The Governance Department of DMC works to strengthen transparency, accountability and citizen-centric institutional frameworks across the city’s administration. The department serves as the backbone of municipal operations – aligning policies, processes and stakeholder engagement to ensure that the corporation functions effectively, ethically and in partnership with the community.
Key Functions
Developing and implementing governance policies, codes of conduct, internal controls and standard operating procedures for municipal departments.
Facilitating citizen engagement and participatory governance: initiating outreach programmes, convening ward-level committees, and promoting neighbourhood feedback mechanisms to bring residents into decision-making processes.
Supporting digital-governance initiatives — for example, DMC’s roll-out of a property UIN (Unique Identification Number) system that leverages QR-codes to improve service delivery and tracking.
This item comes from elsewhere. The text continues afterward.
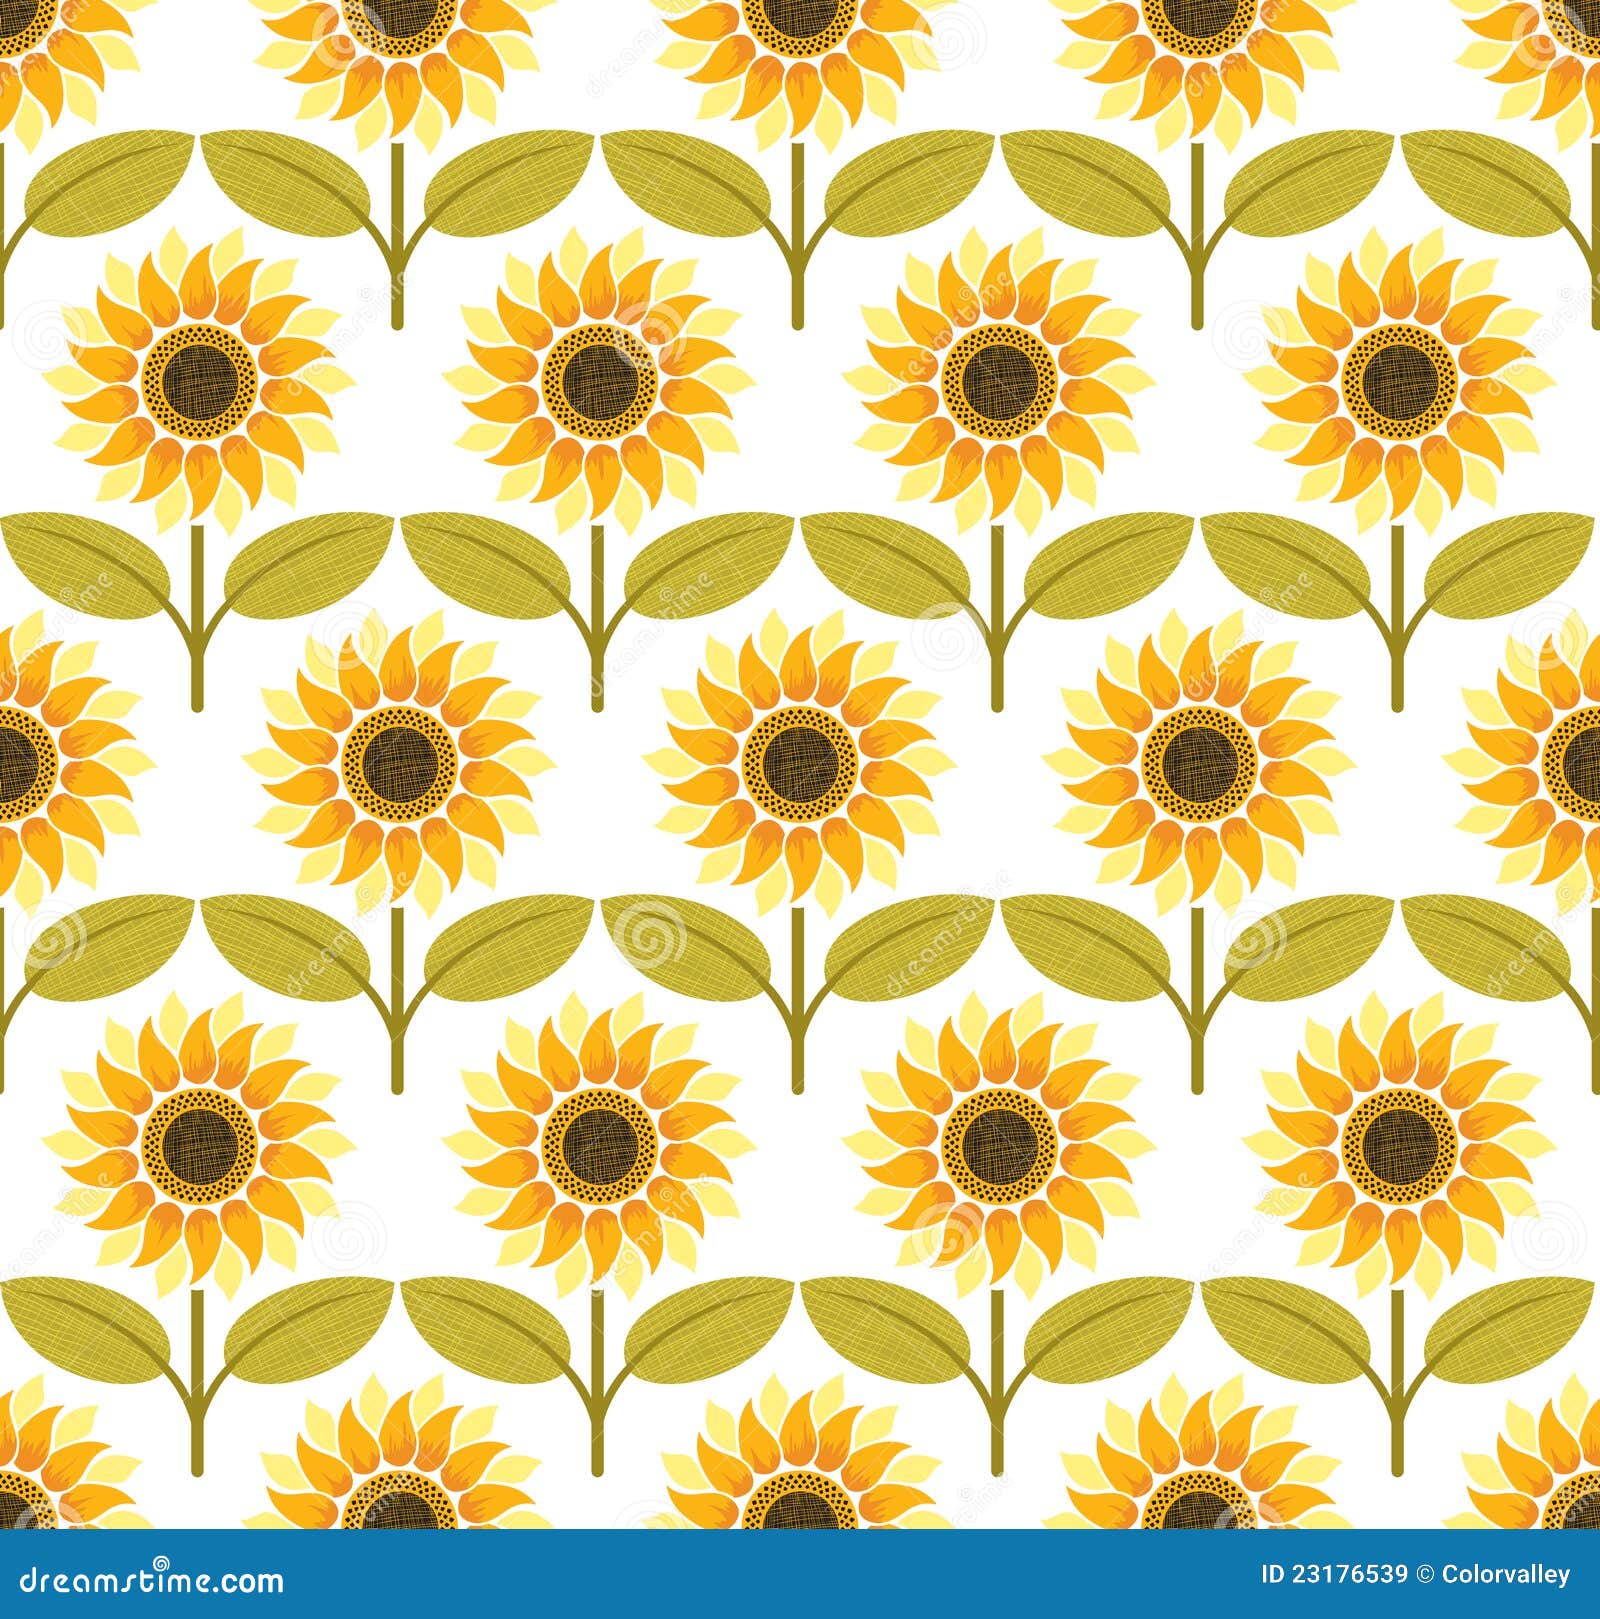 Eleletsitz Sunflowers Drawing Tumblr Images

Ensuring coordination among elected representatives (Mayor, Councillors, Committees) and administrative staff to drive timely execution of projects and services.
Monitoring performance, establishing key performance indicators (KPIs), auditing departmental outcomes and publishing progress updates to maintain public trust.
Managing grievance-redressal, transparency portals, RTI (Right to Information) obligations and other mechanisms of accountability that ensure residents’ enquiries and concerns are addressed.
Capacity-building of municipal staff and council members in governance best practices: training in areas such as municipal finance, committee procedures and citizen-interaction.
Vision
To build a Dibrugarh where municipal governance is open, responsive and collaborative — where every resident has access to clear information, a voice in decisions, and confidence that public resources are managed fairly for the common good.
Our Commitment
Uphold transparency: publishing clear data on policies, budgets, audits and decisions in an accessible format for citizens.
Promote participation: engaging neighbourhoods, resident welfare associations, self‐help groups and vendors in planning, monitoring and feedback loops.
Drive responsiveness: ensuring that queries, complaints and service-requests are acted upon efficiently and tracked to closure.
Foster ethical and professional administration: adopting contemporary governance standards, strengthening internal oversight and reducing red-tape.
Support digital transformation: using technology and data to simplify services, improve citizen access and strengthen institutional capacity.